In this case report, we identified two ATS patients in a family with the novel KCNJ2 c.413A>T variant. Our proband had all triad symptoms, while her father had only two symptoms and no cardiac symptoms. It is very challenging to diagnose ATS early due to the rarity and high degree of phenotypic variability. Fifty-eight to seventy-eight percent of ATS patients present with all three symptoms (12). Moreover, patients can present with only one of the triad symptoms (5). Dysmorphic features are usually subtle in ATS patients (13), as shown in our patients (we recognized retrospectively), and are easy to overlook unless suspected of ATS. Therefore, ATS should always be considered even in patients with only periodic paralysis or cardiac arrhythmias.

Approximately 60% of ATS cases have causal variants in KCNJ2 (6, 14). Most KCNJ2 pathogenic variants in ATS are missense variants (1, 6) that result in loss of function of the Kir2.1 channel and is expressed in skeletal muscle, heart, and bone. This channel plays a role in prolonged depolarization of the action potential, and thereby cause periodic paralysis and cardiac arrhythmia (14). Additionally, KCNJ2 variants can affect skeletal dysmorphic features because KCNJ2 is expressed during the early stages of craniofacial development in Xenopus and mice (15). However, as reports by variable penetrance of ATS cases suggest, a subset of individuals with pathogenic variants do not exhibit any associated symptoms (16–18). A subset of KCNJ2 pathogenic variants that cause ATS is identified at the phosphatidylinositol-4,5-biphosphate (PIP2) binding site, a known regulator of the Kir2.1 channel. Another subset of KCNJ2 pathogenic variants is found in the pore-forming loop of Kir2.1. In addition, pathogenic variants in regions such as slide helix have also been reported (5, 19–21), suggesting various mechanisms. The p.(Glu138Val) variant in our patients was located in the pore region of the Kir2.1 channel. Another study showed the same position but other missense change (c.412G>A, p.E138K) as our case variant (c.413A>T, p.E138V) (10). Although not able to perform physiological studies to identify the nature of the alteration in channel function, other studies showed that this subunit pathogenic variant was unable to form functional homomultimeric channels, abolishing channel function (10, 18). And Yang et al. also described that position 138, a negatively charged residue in the pore loop of Kir2.1, had a strong effect on the stability of the pore loop (22, 23). Additional in silico analyses predicted deleterious (SIFT score: 0.05), probably damaging (polyphen-2 score: 1.000), pathogenic (REVEL score: 0.972), and disease-causing (MutationTaster) effects; thus, this variant may cause complete loss of channel function.

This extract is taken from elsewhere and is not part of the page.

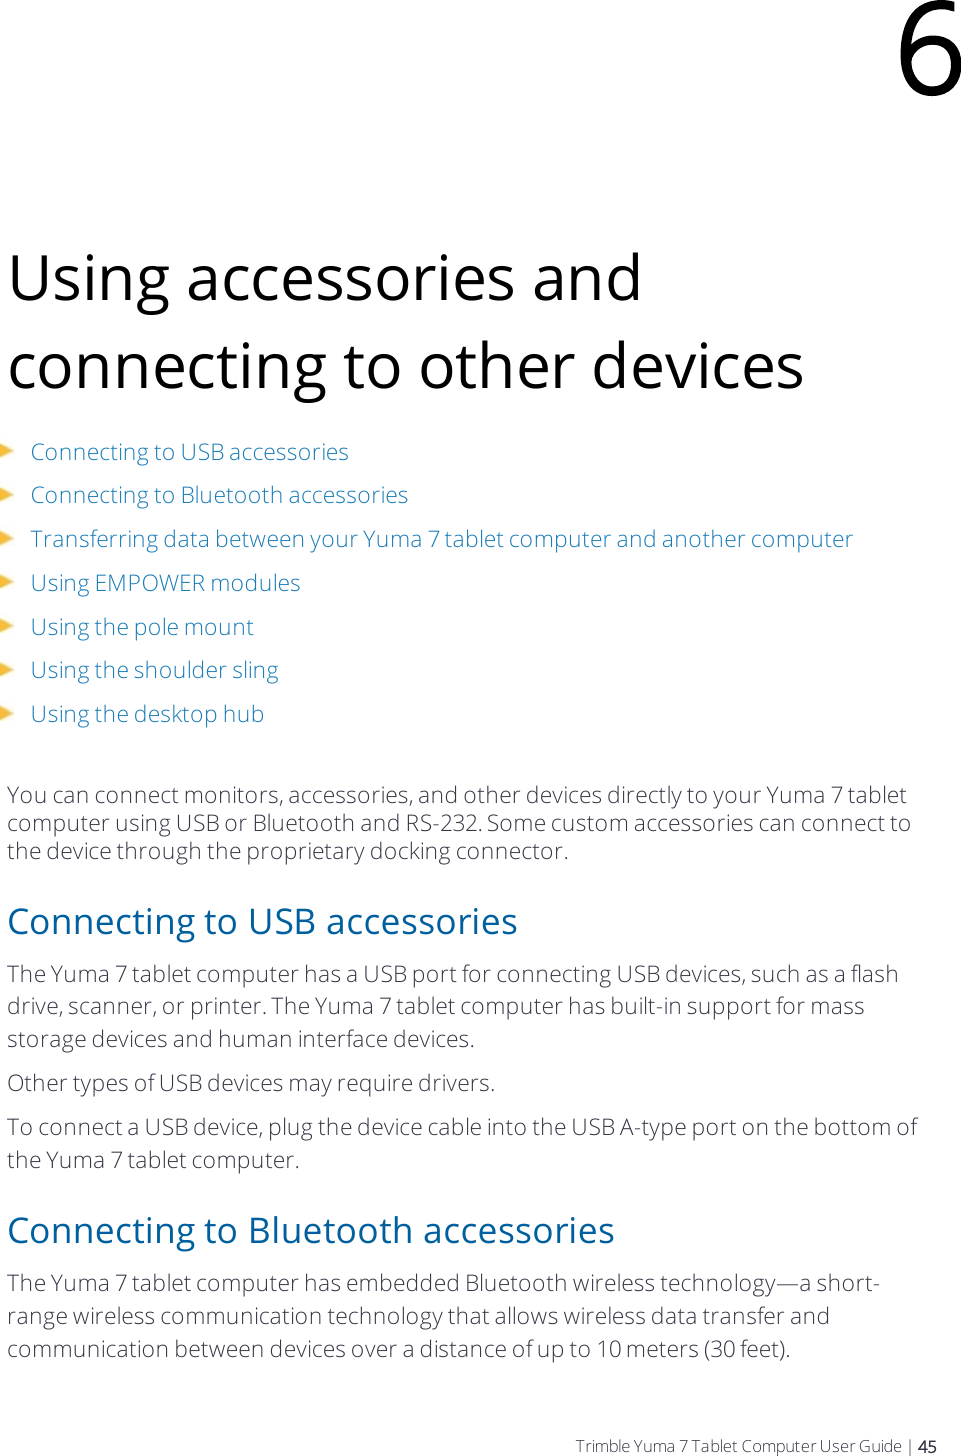 Using accessories and connecting to other devicesConnecting to USB accessoriesConnecting to Bluetooth accessoriesTransferring data between your  Yuma 7 tablet computer and another computerUsing EMPOWER modulesUsing the pole mountUsing the shoulder slingUsing the desktop hubYou can connect monitors, accessories, and other devices directly to your  Yuma 7 tablet computer using USB or Bluetooth and RS-232. Some custom accessories can connect to the device through the proprietary docking connector.Connecting to USB accessoriesThe  Yuma 7 tablet computer has a USB port for connecting USB devices, such as a flash drive, scanner, or printer. The  Yuma 7 tablet computer has built-in support for mass storage devices and human interface devices.Other types of USB devices may require drivers.To connect a USB device, plug the device cable into the USB A-type port on the bottom of the  Yuma 7 tablet computer.Connecting to Bluetooth accessoriesThe  Yuma 7 tablet computer has embedded Bluetooth wireless technology—a short-range wireless communication technology that allows wireless data transfer and communication between devices over a distance of up to 10 meters (30 feet).6Trimble Yuma 7 Tablet Computer User Guide | 45

We found additional features in our patients. The proband had congenital hypoplasia of the ICA, identified by brain MRI. Although we did not find any reports that also reported vascular abnormalities in ATS, central nervous system involvement including mild learning disability was frequently observed in ATS patients. Because potassium channels contribute to angiogenesis in cancer (24), it is worth investigating a possible association between cerebrovascular development and KCNJ2 variant. Meanwhile, the proband's father had a history of transient hyperthyroidism with exacerbated periodic paralysis that was consistent with previous studies' findings. They demonstrated that the paralysis symptoms were aggravated in patients with ATS secondary to thyrotoxicosis or co-existence of both disorders (25, 26). The heterogeneous phenotypes between the proband and her father demonstrated the weak genotype–phenotype correlation in ATS. This is further evidenced by a previously reported case with the missense variant of same position 138 who had earlier onset of more severe periodic paralysis (1 year old) and arrhythmia (in utero) than our proband (7 years old).

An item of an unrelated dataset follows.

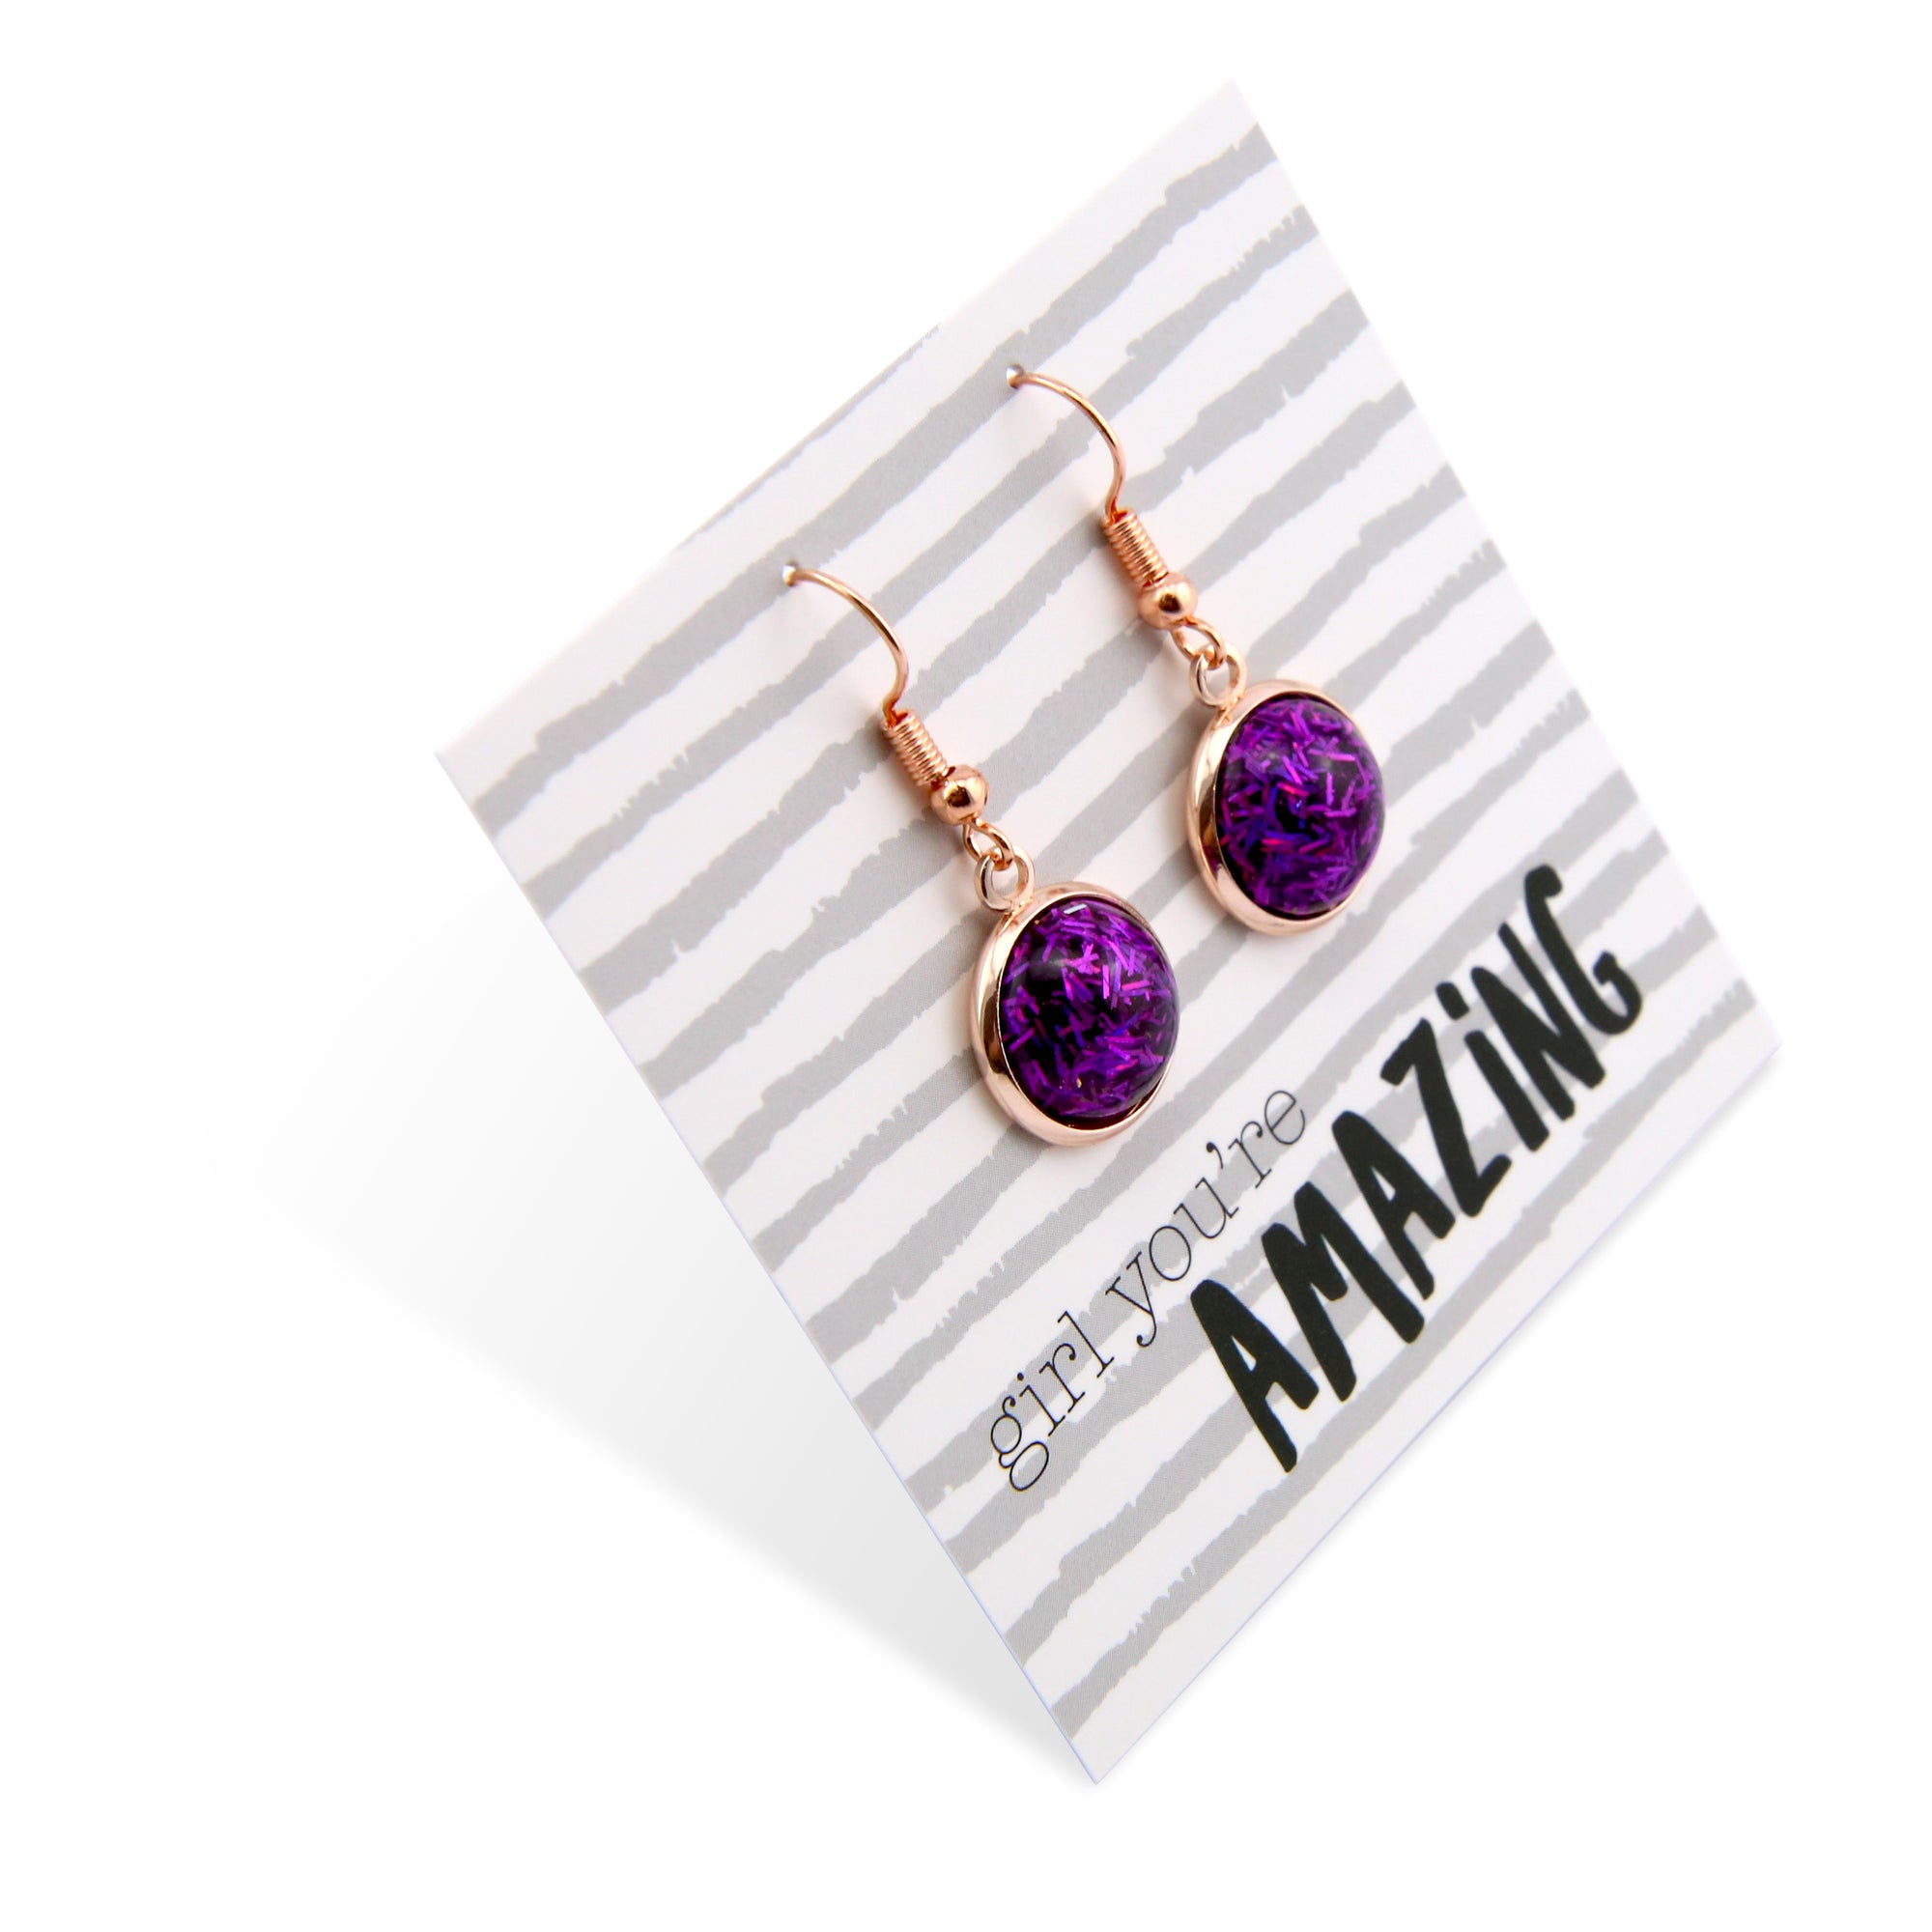 SPARKLEFEST - Girl You're Amazing - Stainless Steel Rose Gold Dangles- Purple Glitter (12621)

In summary, we identified a novel causative variant in KCNJ2 in ATS patients and provided detailed clinical findings to expand the genotype–phenotype correlation. The heterogeneous phenotype of ATS should alert physicians to perform genetic analysis for ATS even in patients with only one or two among the typical triad symptoms.

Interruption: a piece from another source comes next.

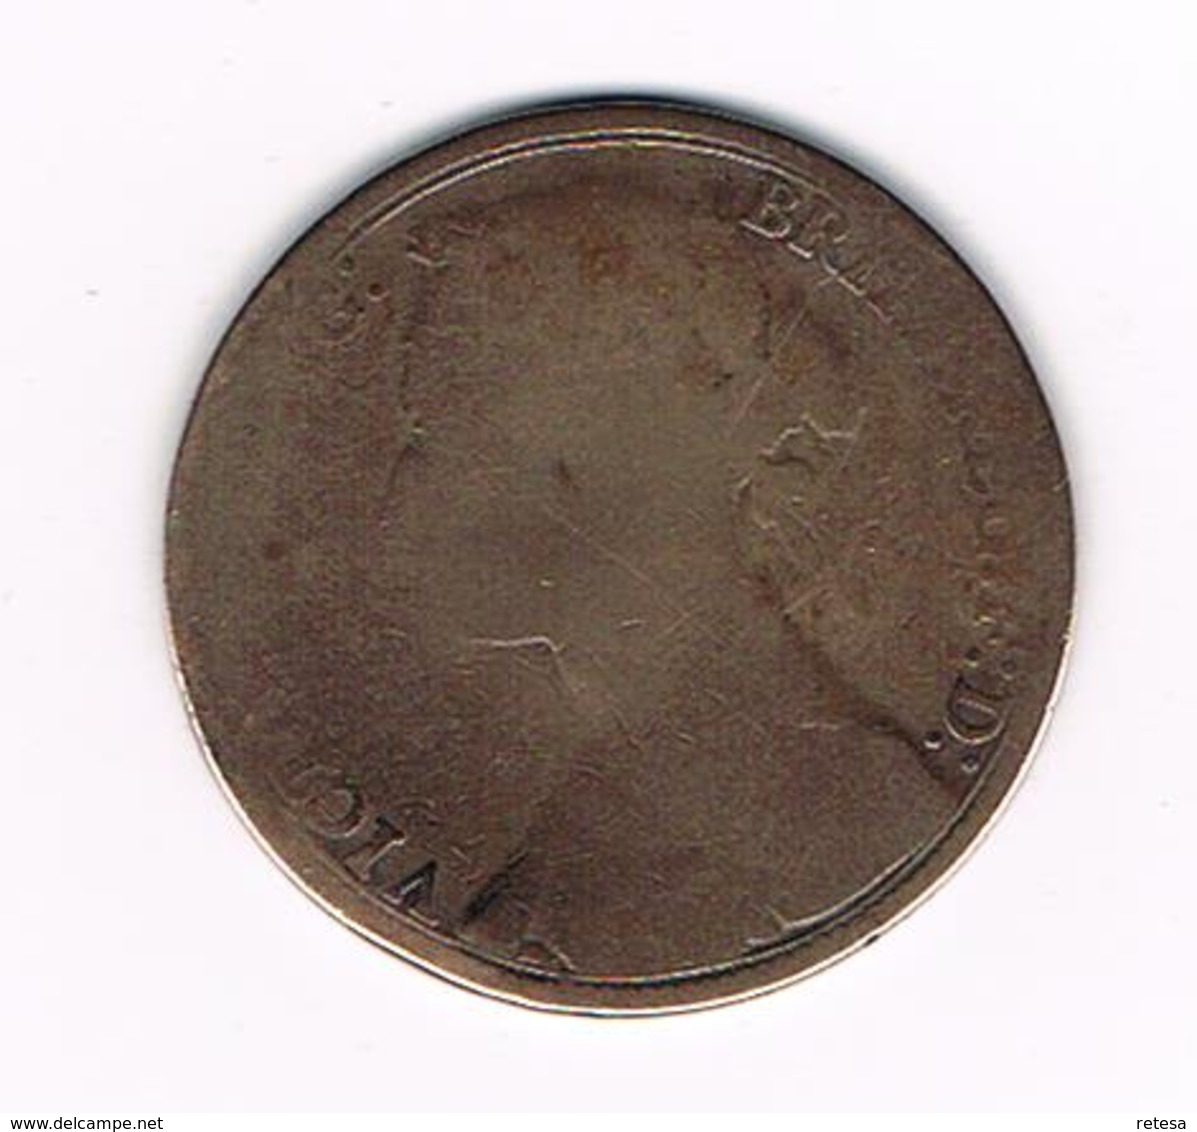 // GREAT BRITAIN  1 PENNY 1879  VICTORIA - D. 1 Penny

The raw data supporting the conclusions of this article will be made available by the authors, without undue reservation.

The studies involving human participants were reviewed and approved by Seoul St. Mary's Hospital Institutional Review Board. Written informed consent for participation was not provided by the participants' legal guardians/next of kin: Because the patient did not return to our hospital, written consent could not be obtained. However, it has been approved by the Ethics Committee of our hospital, and the patient's identification information is not included in this case.

JY and MyK wrote the manuscript. JY, KK, MiK, and GL conducted genetic analyses. All authors contributed to the manuscript.

The authors declare that the research was conducted in the absence of any commercial or financial relationships that could be construed as a potential conflict of interest.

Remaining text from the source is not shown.